CURRENT REPORT PURSUANT
TO SECTION 13 OR 15(D) OF THE
SECURITIES EXCHANGE ACT OF 1934
 
Date of report (Date of earliest event reported) February 8, 2017
 
Six Flags Entertainment Corporation
(Exact Name of Registrant as Specified in Its Charter)
 
Delaware
(State or Other Jurisdiction of Incorporation)
 
1-13703
 
13-3995059
(Commission File Number)
 
(IRS Employer Identification No.)
 
924 Avenue J East
 
 
Grand Prairie, Texas
 
75050
(Address of Principal Executive Offices)
 
(Zip Code)
 
(972) 595-5000
(Registrant’s Telephone Number, Including Area Code)
 
 
(Former Name or Former Address, if Changed Since Last Report)
 
Check the appropriate box below if the Form 8-K filing is intended to simultaneously satisfy the filing obligation of the registrant under any of the following provisions (see General Instruction A.2. below):
 
o            Written communications pursuant to Rule 425 under the Securities Act (17 CFR 230.425)
 
o            Soliciting material pursuant to Rule 14a-12 under the Exchange Act (17 CFR 240.14a-12)
 
o            Pre-commencement communications pursuant to Rule 14d-2(b) under the Exchange Act (17 CFR 240.14d-2(b))
 
o            Pre-commencement communications pursuant to Rule 13e-4(c) under the Exchange Act (17 CFR 240.13e-4(c))
 
 
 

 




Item 5.02
Departure of Directors or Certain Officers; Election of Directors; Appointment of Certain Officers; Compensatory Arrangements of Certain Officers.
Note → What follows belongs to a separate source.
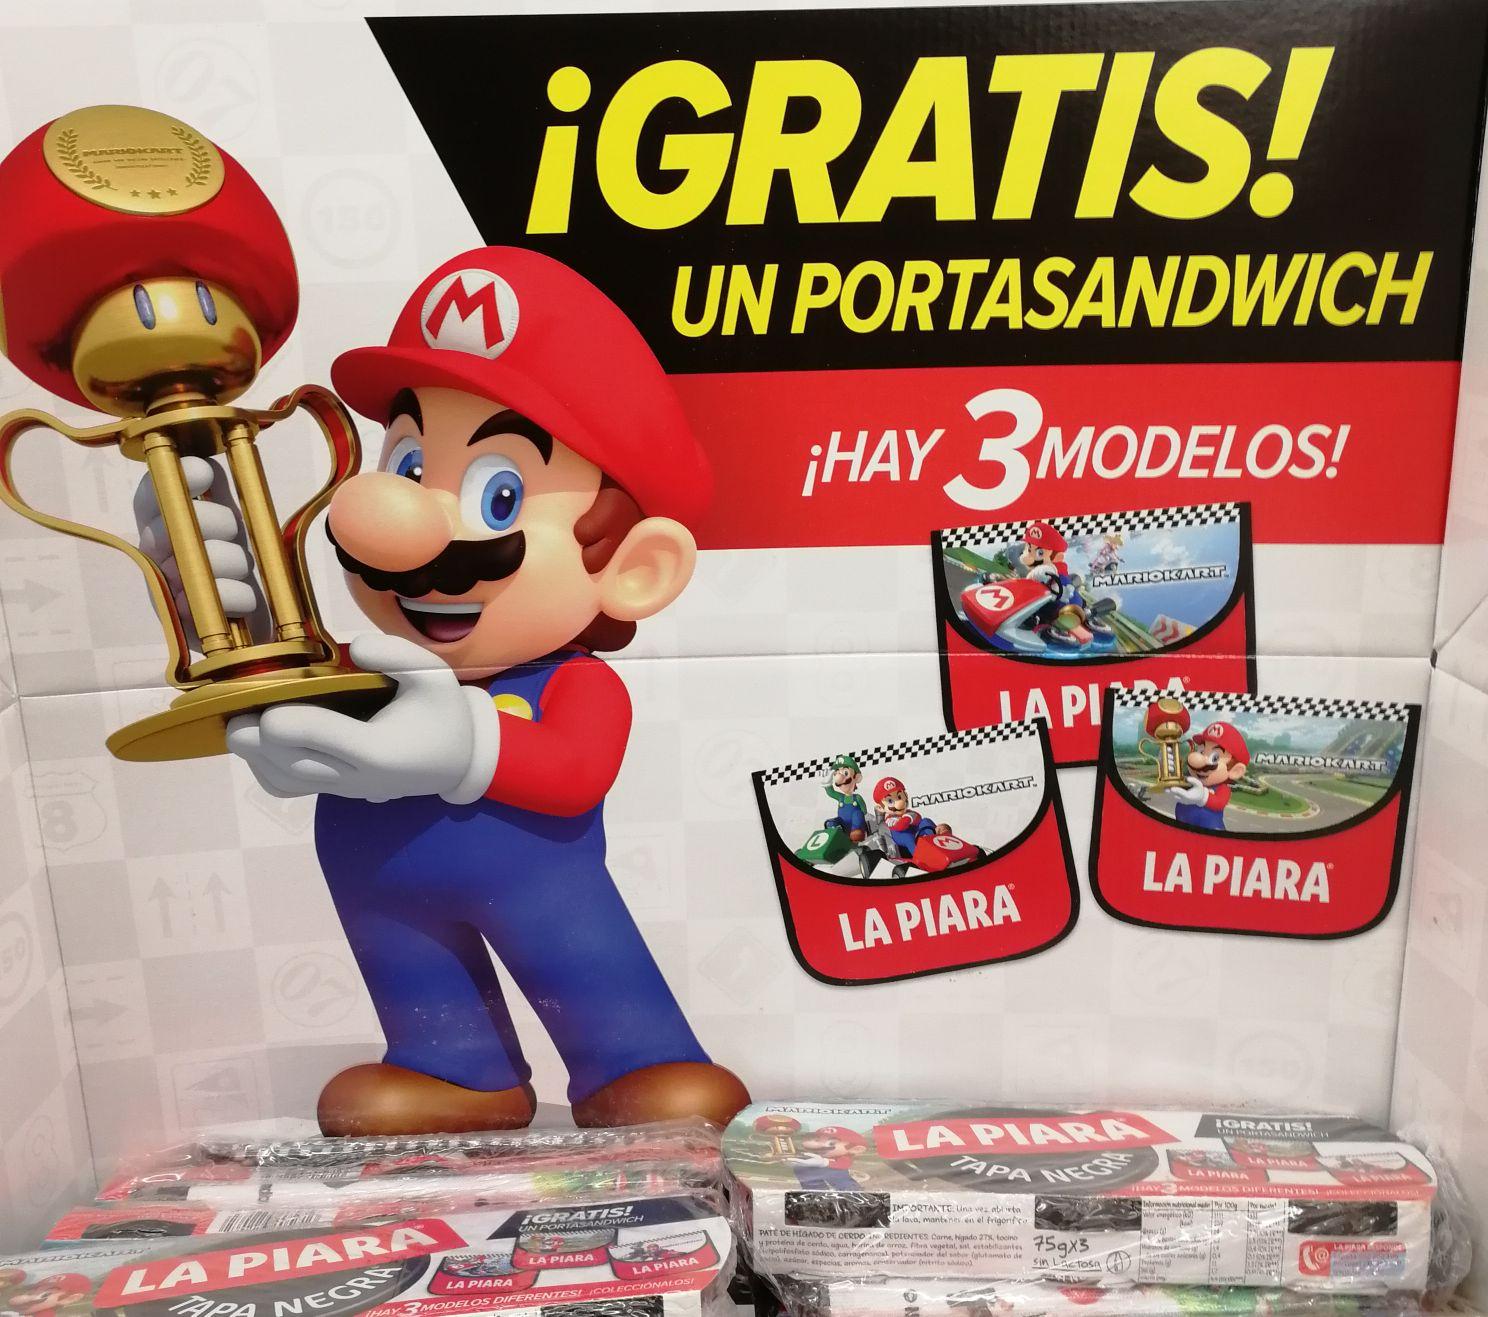 PortaSandwich de MarioKart [GRATIS] comprando 3 latas de LaPiara

On February 8, 2017, Six Flags Entertainment Corporation (the “Company”) announced that Nancy A. Krejsa has been elected to the Board of Directors (the "Board") effective March 1, 2017 following Ms. Krejsa's retirement as Senior Vice President, Investor Relations, of the Company. Ms. Krejsa will participate in the Company’s non-employee director compensation program for her service on the Board. A copy of the press release is attached hereto as Exhibit 99.1 and is incorporated herein by reference.

On February 10, 2017, the Company entered into an amendment (the "Amendment") to the employment agreement of James Reid-Anderson, Executive Chairman of the Company. The Amendment provides that Mr. Reid-Anderson will receive a base salary of $1,000,000 during the second year of the term of his employment and that Mr. Reid-Anderson's bonus for the 2017 performance year will be paid in shares of the Company’s common stock. The foregoing description of the Amendment does not purport to be complete and is qualified in its entirety by the text of the Amendment, a copy of which is attached hereto as Exhibit 10.1.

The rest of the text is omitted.